Common allergy nasal spray reduces risk of COVID-19 infection by 66%

In a recent clinical trial, adults who used azelastine nasal spray were less likely to catch COVID-19 than those who used a look-alike placebo.

Everyday allergy spray shows promise against COVID-19 and colds in randomized trial

Everyday allergy spray shows promise against COVID-19 and colds in randomized trial. (CREDIT: Shutterstock)

An everyday hay fever spray may do more than tame sneezes. In a rigorously run German trial, adults who used azelastine nasal spray three times a day were less likely to catch COVID-19 than those who used a look-alike placebo. Fewer users also tested positive for rhinovirus, a leading cause of common colds.

The study ran for about two months and enrolled people with negative tests at the start. Results suggest a practical, on-demand layer of protection for crowded events, travel, and other high-risk moments—while bigger trials confirm who benefits most.

Why test an allergy medicine for virus prevention

COVID-19 still disrupts daily life. Vaccines and built-up immunity help, but infections and long-lasting symptoms continue. That keeps interest high in simple tools you can add to your routine. Azelastine blocks histamine H1 receptors and calms nasal inflammation.

Professor Robert Bals, Director of the Department of Internal Medicine V at Saarland University Medical Center and Professor of Internal Medicine at Saarland University. (CREDIT: Laura Glüecklich / Saarland University Hospital)

Lab work has hinted at direct antiviral activity against several respiratory viruses, including SARS-CoV-2, RSV, and influenza A (H1N1). Scientists have proposed multiple mechanisms, from interactions with ACE2 and the σ-1 receptor to blocking the SARS-CoV-2 main protease. Azelastine may also blunt ICAM-1, the cell “docking site” many rhinoviruses use.

Small treatment studies during the pandemic found lower viral loads in infected patients who used azelastine. Modeling then suggested a preventive payoff might be possible. The new trial asked the real-world question: if you use the spray daily, do you get sick less often?

Inside the CONTAIN trial

Researchers at Saarland University Medical Center led a phase 2, randomized, double-blind, placebo-controlled study called CONTAIN. Regulators and ethics boards approved the protocol. Reporting followed CONSORT, and the statistical plan was written before enrollment.

From March 9, 2023, the team screened 587 adults and randomized 450 participants, ages 18 to 65, into two equal groups: 227 received azelastine 0.1% and 223 received a placebo. Everyone started with a negative rapid antigen test, had no acute illness, and avoided other nasal drugs and antihistamines.



Nearly all had received at least one COVID vaccine dose, with a median of three.

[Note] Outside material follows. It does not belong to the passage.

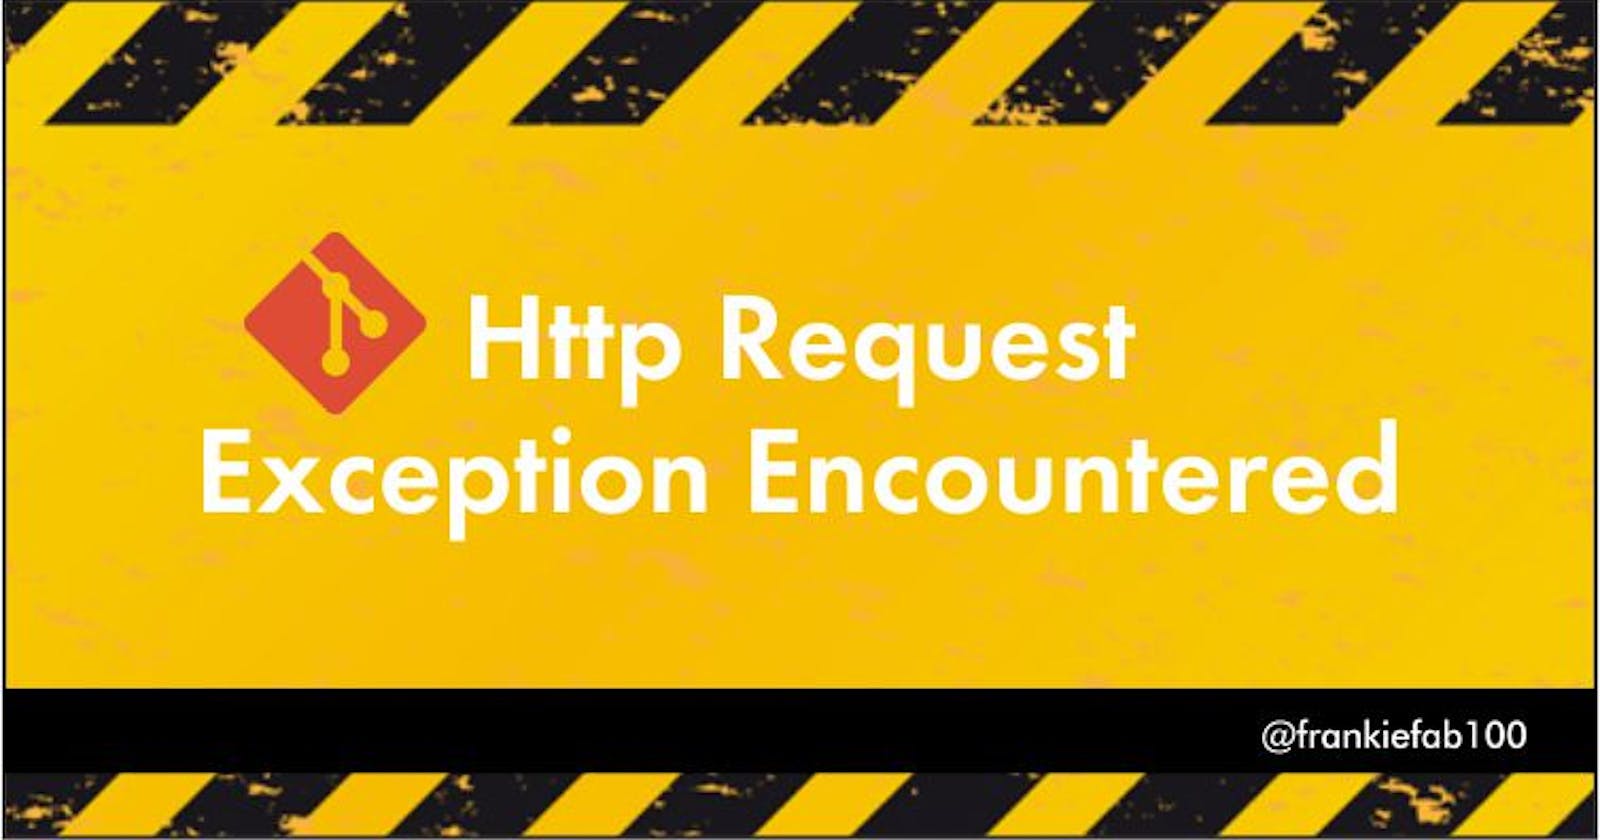 Http Request Exception Encountered [SOLVED]

The median time since the latest shot was 672 days, so most immunity came from past vaccination and infections rather than recent boosters.

The plan was simple. Participants sprayed one puff per nostril three times daily for an average of 56 days. After a known exposure or at the first sign of symptoms, they “escalated” for three days to five times daily. Twice-weekly staff testing with rapid antigen kits caught most SARS-CoV-2 infections, which were confirmed by PCR.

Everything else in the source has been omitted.